要不是他党性坚强大公无私,差点就要因为混账儿子的混账话,迁怒其他苏家人。
当然,也是因为苏国华等人成绩过于优秀,还过了厂长和其他一干领导的眼,副厂长搞不了一言堂,没法将苏家人全部刷下去,不得已只能捏着鼻子录取了好几个。
但是苏玉华这个祸头子他是坚决不肯松手的!
副厂长以苏玉华面相太过,工作时容易影响其他工人工作效率,住宿舍也不好安排,可能会引起其他舍友家庭矛盾为由,一力主张刷下苏玉华。
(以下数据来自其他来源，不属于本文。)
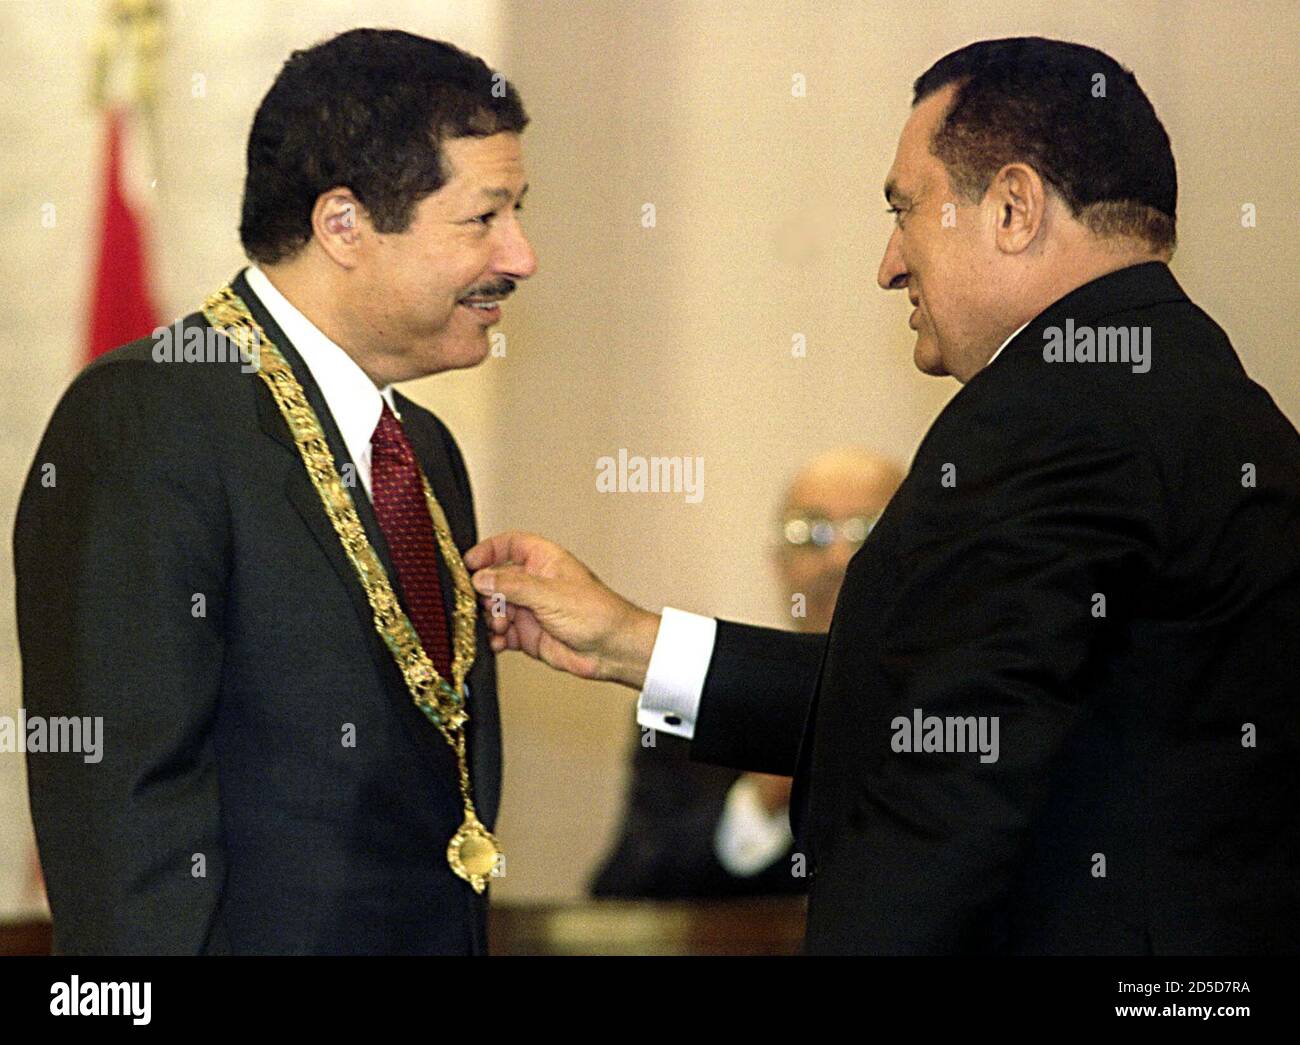 EGIPTO:CAIRO,16DEC99-Ahmed Zewail (L), ganador del premio químico egipcio, recibe el collar del Nilo de oro, el premio más prestigioso del país, del presidente egipcio Hosni Mubarak el 16 de diciembre por ganar el Premio Nobel de Química el viernes en Estocolmo. Zewail le dijo a Mubarak con broma, "para decirle la verdad, es bastante pesado (el collar)". Zewail es el segundo premio Nobel egipcio después de que el novelista Naguib Mahfouz ganó el premio de literatura en 1988. AN Foto de stock

厂长等其他领导哪里还不明白他那些小心思?不过都是一个领导班子,平时低头不见抬头见的,该给的面子还是要给的。
再说了,这次招工苏家人一口气录取五个,已经够优待了,刷掉一两个也很正常,总要给其他同志机会的嘛,谁家还没俩亲戚要安排呢。
就这么的,因着某些不可言说的原因,苏玉华也不幸落选。
好在他性子好,很平和地接受了这个结果,安静回家继续跟小妹每天复习。
苏元华见不得小哥受欺负,看着他那张俊脸又舍不得他出去受苦,便想了个主意,叫他写文章往报社投稿,赚点稿费,也是个正经营生,到时候大学录取的时候说不定都会优先考虑他。
苏玉华性子温和腼腆,是个极其温柔的人,平时不声不响的就爱看书,一手钢字写得极其漂亮。
苏元华撺掇他写文章往报社投稿,他半点异议没有地便同意了,就连投稿作品的选材、审稿,都是苏元华来定。
苏元华于学习上没多少天赋,但她上辈子开出租,见识的世面可不算少,所谓“世事洞明皆学问,人情练达即文章”
,她可太知道老百姓对什么感兴了。
有她把关,加上苏玉华细腻生动的文字,第一封稿件几经修改终于定稿投递出去。
接下来,苏玉华像是被打开了某道奇妙的门,创作热情蓦然高涨,跟小妹探讨过几个题材之后,相继又写了几篇稿子,没好意思惊动家里,默默地又都投递出去了。
梁斌看着眼热,磨着姐姐教他。
苏元华磨不过,请了苏四哥手把手教他,也往外投递了两篇小文章,就等着看少年报那头瞧不瞧得上了。
忙忙碌碌着,春种总算告一段落,苏元华又催着家里人赶紧上医院去体检。
乡下人不兴没事跑医院,嫌晦气还花钱,有点头疼脑热的小毛病,都是扛一扛就过去了,好多连药都不吃的。
苏元华冷不丁地撺掇家里人去体检,就遭遇了滑铁卢,连平时对她几乎是百依百顺的亲妈崔兰叶都不赞成。
苏元华嘴皮子都快磨破了,还是劝不动一家子犟种,没奈何只得又搬出算命那一套做幌子。
“妈,我早跟你说过,你父母宫晦暗,主亲人长辈身体有疾,必须重视,拖下去会出大问题的。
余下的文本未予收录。